Post by Chao-Fu Wang
Distinguished Professor and Fellow of ACES
Dear Colleagues and Friends, We are very happy to share our recent paper on “An Arbitrarily High-Order FDTD Method With Local Time-Stepping for Electromagnetic Simulation of Multiscale Power Devices” published by IEEE Transactions on Microwave Theory and Techniques. Title: An Arbitrarily High-Order FDTD Method With Local Time-Stepping for Electromagnetic Simulation of Multiscale Power Devices Co-Authors: Yan Peng; Tiancheng Zhang; Huaguang Bao; Dazhi Ding; Chao-Fu Wang; Zongguang Yu; Gui Wang IEEE Access Link: https://lnkd.in/gCGPvM37 In this article, a local time-stepping (LTS)-based arbitrary high-order finite-difference time-domain (LTS-ADER-FDTD) method is proposed for the efficient simulation of transient electromagnetic problems involving highly refined local structures.

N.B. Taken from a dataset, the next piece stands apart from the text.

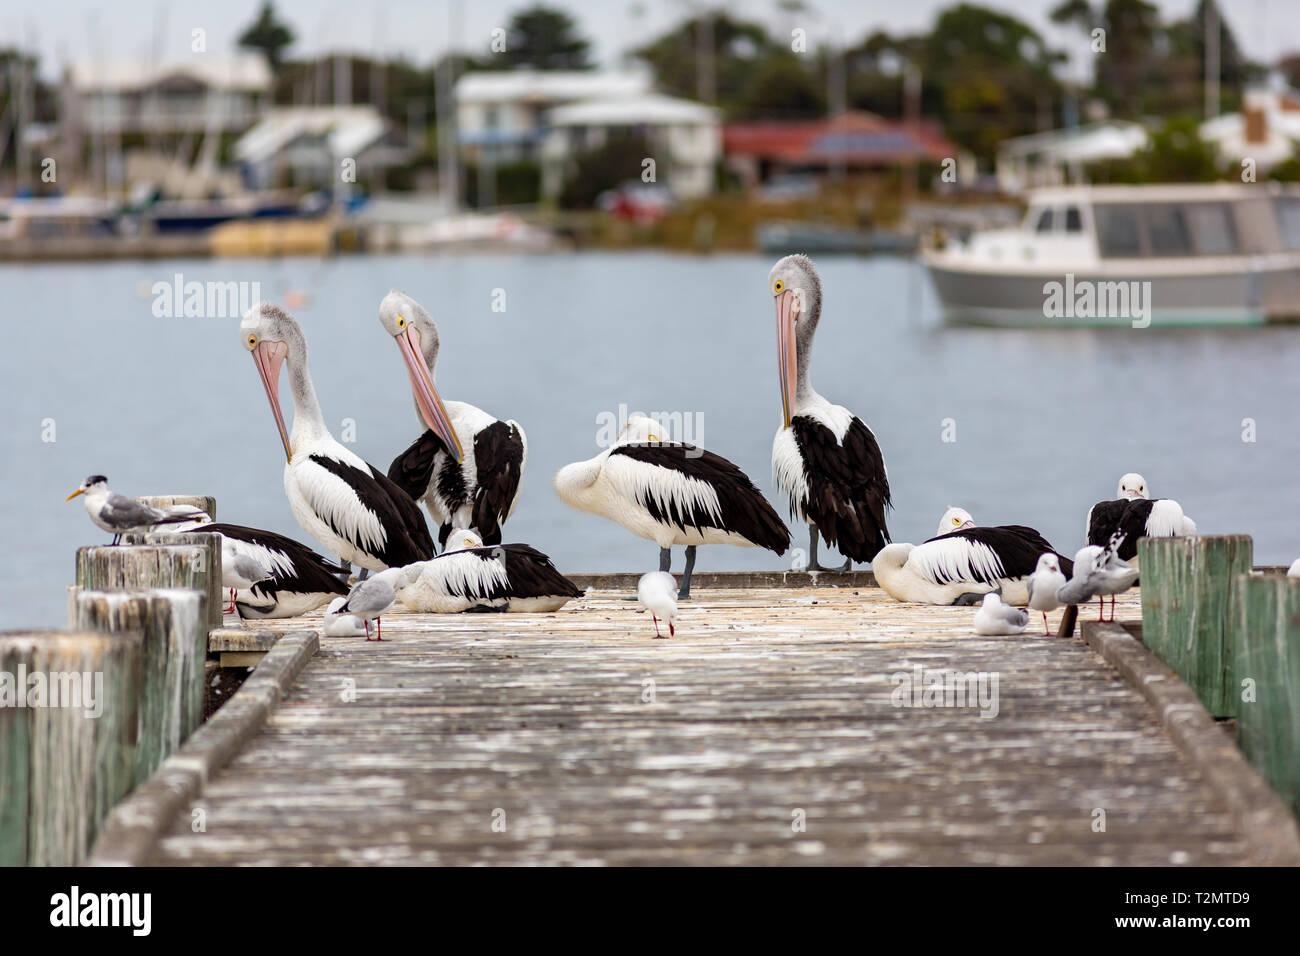 Pelikane auf Tyrannen Steg auf der Fleurieu Peninsula Goolwa South Australia am 3. April 2019 Stockfoto

By adopting the arbitrary high-order (ADER) approach, the method converts temporal derivatives into spatial derivative operations, thereby achieving ADER accuracy in time discretization. Through nonuniform grid partitioning, the LTS strategy enables different regions to adaptively select time steps according to their spatial step sizes, significantly reducing the computational burden. The proposed approach ensures numerical stability and computational consistency during multitime-step advancement while maintaining high spatiotemporal synchronization. Both theoretical analysis and numerical experiments demonstrate that, compared to the conventional finite-difference time-domain (FDTD) method, the proposed algorithm considerably reduces the number of time iterations while preserving comparable computational accuracy, leading to a significant improvement in overall efficiency. This provides a robust and effective solution for the modeling and simulation of complex multiscale electromagnetic problems.